By Chloe Shantz-Hilkes
When Chantel Simmons joined her first book club, she found herself with a massive copy of Jonathan Franzen’s, The Corrections in hand.
Simmons, a 31-year-old Ryerson grad, did her best to plough through the 600-page tome and reach the other side alive.
“I would rip out the pages as I finished them so that I wouldn’t have to carry as much of it around,” she says.
Years later, a published author herself, she says, “if somebody ripped my book I would just cry.”
Simmons seems almost taken aback by the success her first novel, Stuck in Downward Dog, has encountered.
“Well, I think that’s a pretty good sign,” she says. Her manuscript has recently been repurchased for a second publication in paper-back form this spring.
Simmons is practically dwarfed by the giant beige sofa she’s sitting on. It’s one of two that furnish the beautiful living room of the downtown apartment that she shares with her management-consultant husband, Brent.
The place is impeccable and looks ready to appear in next month’s House and Home magazine feature on decorating small spaces.
Simmons herself looks like she’s about to walk onto a photo shoot. “I work full-time at Elevate magazine,” she offers as explanation of her perfectly manicured nails and uniform complexion.
She and her staff regularly get to test out new beauty products for free as research for their articles. “Now it’s an addiction.”
When she’s not editing for Elevate, a Canadian beauty magazine, Simmons is doing her own writing. “I was always making up stories,” she says. “My mom would always have to say to me, ‘is that true?’ So it’s a pretty hard line for me in journalism.”
Simmons is among the first to admit that her book is not of the highest literary grade. “It definitely falls into the chick-lit category,” she says, “I’m O.K. with that. I could try to write a literary classic if I wanted to, but that’s not me.”
“Michael Ondaatje is a great writer, but I’m not him.”

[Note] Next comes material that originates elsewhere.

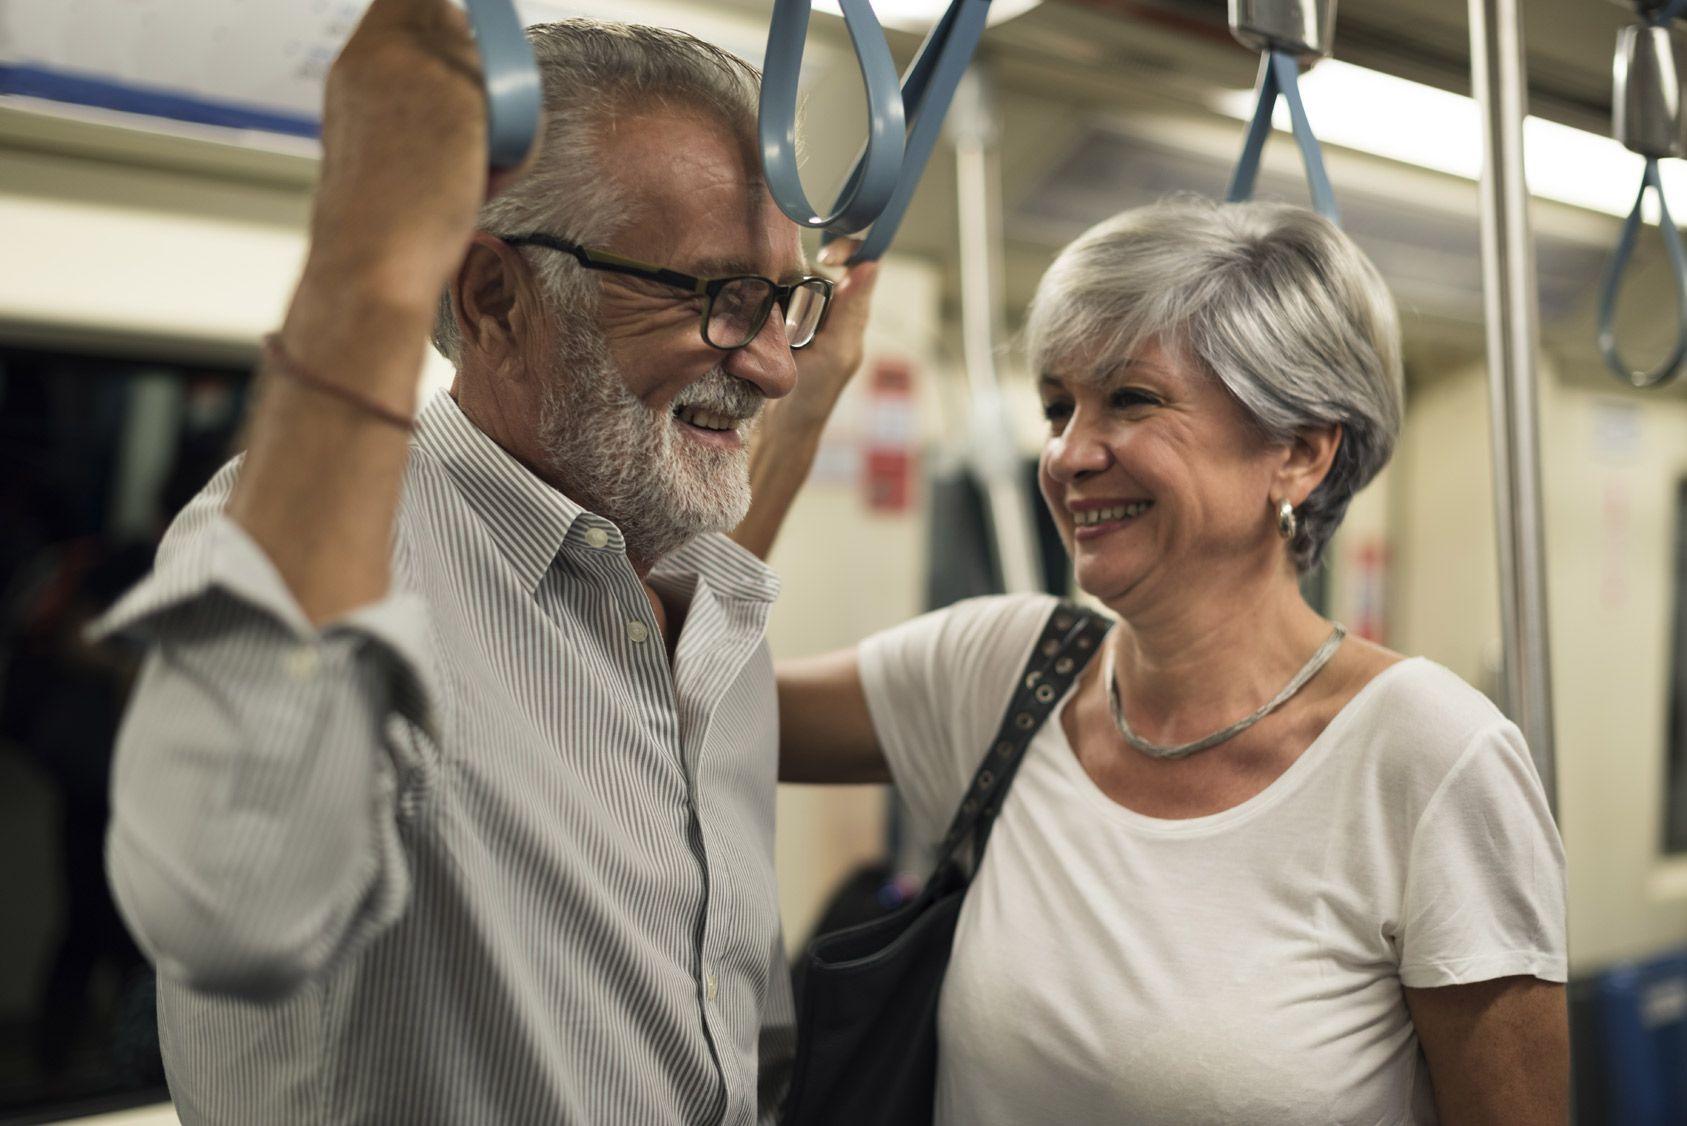 Transport gratuit à Paris pour les seniors et les personnes handicapées

She does, however, insist that her book is different from regular chick-lit.
As Simmons explains, the genre is typically all about getting the guy and she was determined not to take that approach.
The book tells the story of a young woman trying to become a sophisticated grown-up after her boyfriend dumps her and she’s forced to reexamine her values.
As the title suggests, her quest involves some serious yoga. This empowered approach to chick-lit has received a warm reception.
The book is on the Winnipeg Free Press’s bestseller list, a Vancouver Sun Editor’s Choice and has amassed critical acclaim from a number of other notable sources.
It would appear that there is an innate wisdom to Simmons’s writing that one hardly expects to find while reading an author whose website is so predominantly pink.
When asked how she would describe her book in a sentence, Simmons tilts her head ponderously to the left and says carefully, “It’s our faults that make us who we are. They’re what make us people.”